- Pina Pellicer, One-Eyed Jacks, 1961. The reason Marlon Brando took so long to dir-act his Western and not Stanley Kubrick (who would have been no faster), was that Kubrick didn’t approve of a Brando lover, Nancy Kwan, portraying the hero’s lover, Louisa. Brando being Brando (as Kubrick knew he would be) dropped Kwan – Hong Kong born star of The World of Suzie Wong, 1960 – when he took over the reins. Mexican Pina committed suicide three years later at age 24.
- Sandra Dee, If A Man Answers, 1961. Chantal went from Kwan to Tammy Grimes before churning into Dee. “Do you realise that nobody’s asked me to marry him in a week?” When someone did, it was Dee’s real husband, pop singer Bobby Darin in a Doris Day-Rock Hudson comedy. Without Doris Day-Rock Hudson.

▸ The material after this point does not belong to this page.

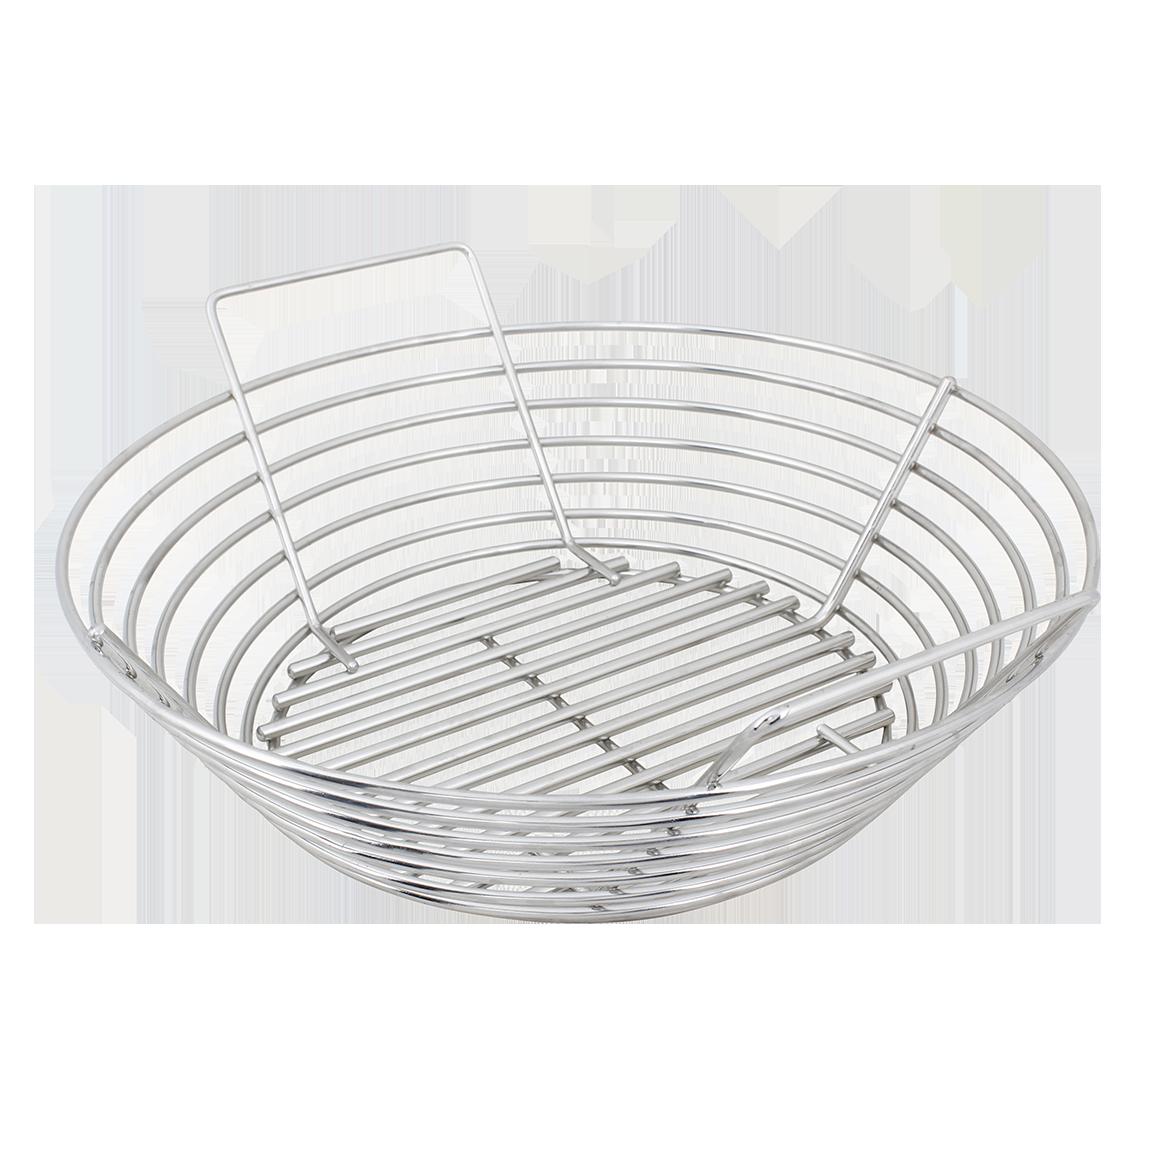 Stainless Steel Kick Ash Basket (Classic Joe) 00291

- Ava Gardner, The Night of the Iguana, 1963. Nipping in quick, producer Ray Stark paid $500,000 for the new Tennessee Williams play – before it opened as his last Broadway hit in 1961. With Bette Davis and Patrick O’Neal as Maxine and the Reverend Shannon, unfrocked for calling God a senile delinquent. Whiley they were thought of for the movie (by John Huston), Ingrid Bergman’s ’s name and Nancy Kwan’s, came up. But so did Ava Gardner and Richard Burton. Game over. Future stage couplings were Eleanor Parker-Richard Chamberlain, Eileen Atkins-Alfred Molina, Clare Higgins-Woody Harrelson, and Anna Gunn-Clive Owen.
- Ann-Margret, Kitten With A Whip, 1964. Originally announced for Judy Dvorak, the titular juvenile delinquent. “All out for kicks… and every inch of her spells excitement!”